Spesso, quando si parla di formazione e coaching, ci si chiede come si possa fare per sviluppare una competenza, un’abilità o un comportamento positivo. A questo, infatti, è rivolto lo sviluppo manageriale a cui si dedicano tante ore e tanti strumenti di empowerment. In questa sede, invece, mi piacerebbe pormi qualche domanda su come si faccia a “non sviluppare” una competenza: mi piacerebbe, cioè, chiedermi quanti e quali atteggiamenti noi mettiamo in moto, spesso in modo inconsapevole, volti a limitare, sedare o ingabbiare comportamenti positivi che invece potrebbero facilmente svilupparsi e crescere.
In questa sede la risposta non può che essere estremamente sintetica e quindi vorrei indicare solo due elementi: l’ascolto superficiale e la scarsa pratica.
Con “ascolto superficiale” mi riferisco a quell’atteggiamento di scarsa consapevolezza che spesso inonda le nostre giornate, per il quale ci concentriamo molto su ciò che dobbiamo fare e molto meno su come desideriamo farlo. Carichiamo di attenzione gli obiettivi, e distogliamo interesse dai percorsi; seguiamo prassi con cui abbiamo dimestichezza e non ci interroghiamo più su modalità alternative; ci chiediamo che cosa vediamo e che cosa sappiamo, senza chiederci che cosa non vediamo e ci sfugge. In questo modo, poco a poco, impostiamo una sorta di “pilota automatico” del nostro agire e del nostro comunicare: impostiamo modalità molto economiche, che spesso ci fanno raggiungere il risultato in tempi brevi, ma contestualmente ci fanno perdere di vista orizzonti più ampi e possibilità più variegate.
A poco a poco perdiamo la capacità di guardare oltre, di farci domande, di vedere con occhi diversi e veniamo quindi superati, o battuti sul tempo, da chi è capace di conservare uno sguardo di stupore sulle cose, da chi non smette di interrogarsi su ciò che “non vede”. In un modo rozzo potremmo dire che invecchiamo precocemente!
L’abitudine prende il posto della curiosità e le nostre modalità di lavoro collaudate diventano lo scudo che difende il nostro orgoglio.

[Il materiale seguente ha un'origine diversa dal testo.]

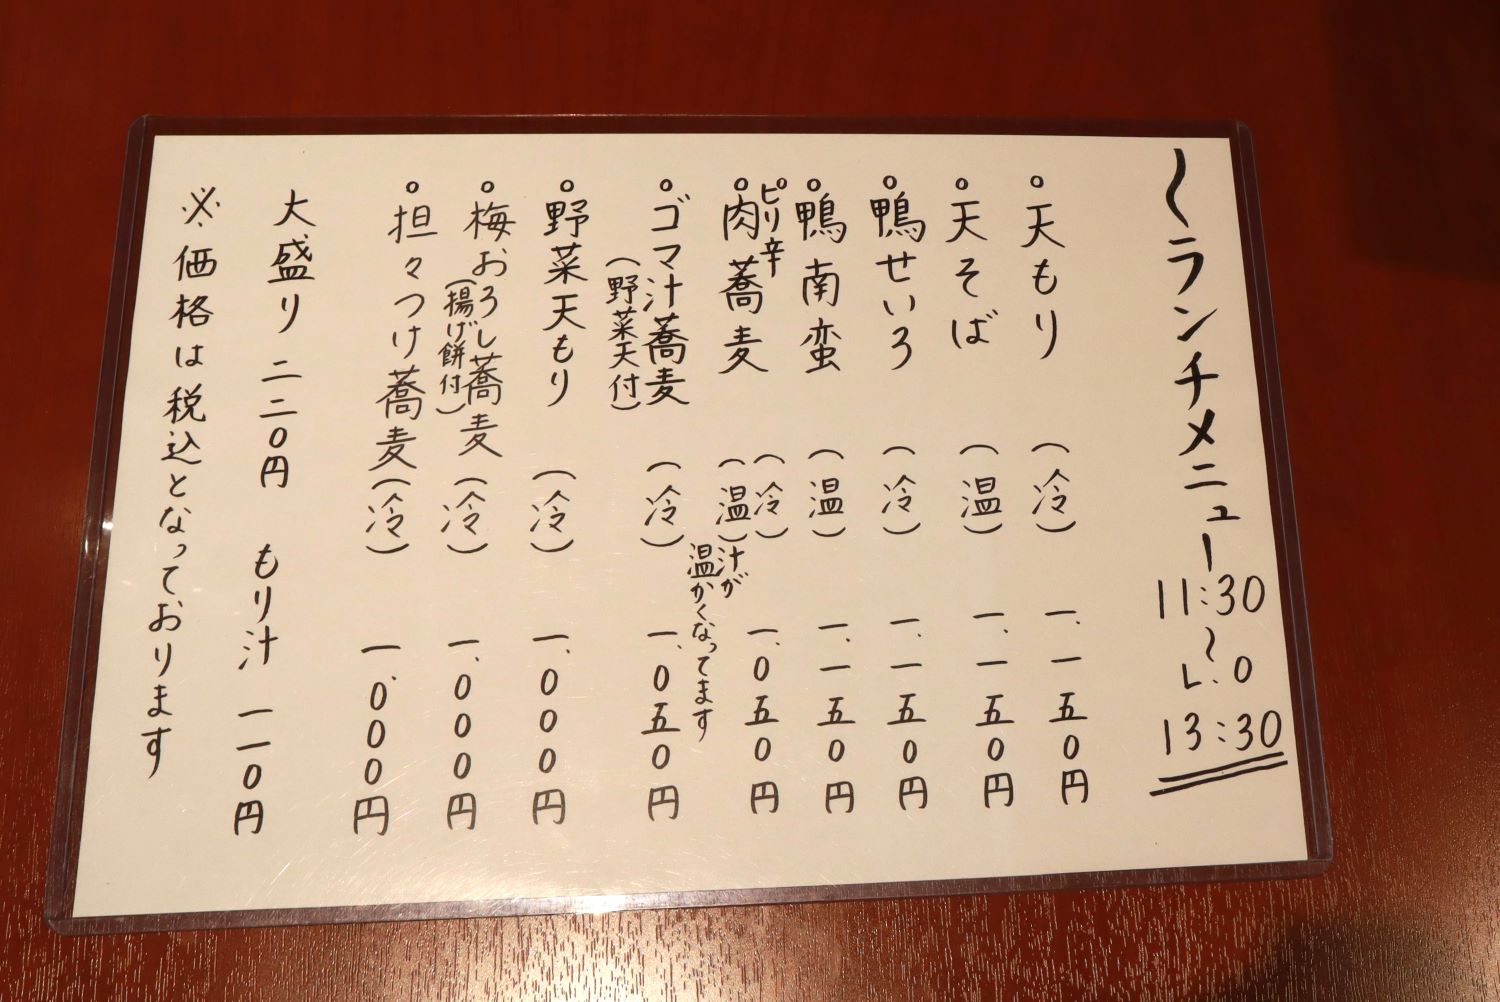 メニューは、本田さんの奥さんが手書きしている。

Il secondo atteggiamento, cioè la scarsa pratica, è parzialmente figlio di quanto appena descritto: se smetto di guardare smetto di poter fare, se imbocco la strada dell’abitudine finisco per sviluppare sempre gli stessi muscoli, dimenticando che avrei a disposizione un corpo intero.
La scarsa pratica, però, può essere anche frutto di periodi difficili: tratti di strada – aziendale o personale – in cui circostanze esterne o particolari difficoltà o urgenze esigono fretta, modalità standardizzate e conosciute (perché rapide), prassi limitate e molto focalizzate che bloccano la possibilità di guardare in profondità e di agire con consapevolezza. Questo atteggiamento se, per un breve periodo, può essere sensato e persino giustificato, a lungo andare ottiene effetti negativi: è come se si “disimparasse” ad osservare in un certo modo, ad agire con consapevolezza, a porsi domande forti. Quello che, per un certo periodo di tempo, è reso indispensabile dalle circostante, si trasforma in una cattiva abitudine e in una sorta di pigrizia.
Porre rimedio a un simile atteggiamento è tanto necessario quanto urgente, pena il consolidare un atteggiamento pigro e superficiale, che è indubbiamente una modalità di lavoro molto economica ma a lungo andare assai poco efficace.
Antidoto, allora, all’uno e all’altro di questi atteggiamenti negativi descritti sarà la capacità di mantenersi vigili nella consapevolezza dei propri atteggiamenti, la capacità di salvaguardare dei momenti di silenzio in cui osservarsi agire e chiedersi il perché di certe scelte; in definitiva la capacità di mantenersi liberi e non imbrigliati dalle circostanze.
“Chiunque smetta di imparare è vecchio, che abbia 20 o 80 anni.
Chiunque continua ad imparare resta giovane.
La più grande cosa nella vita è mantenere la propria mente giovane.”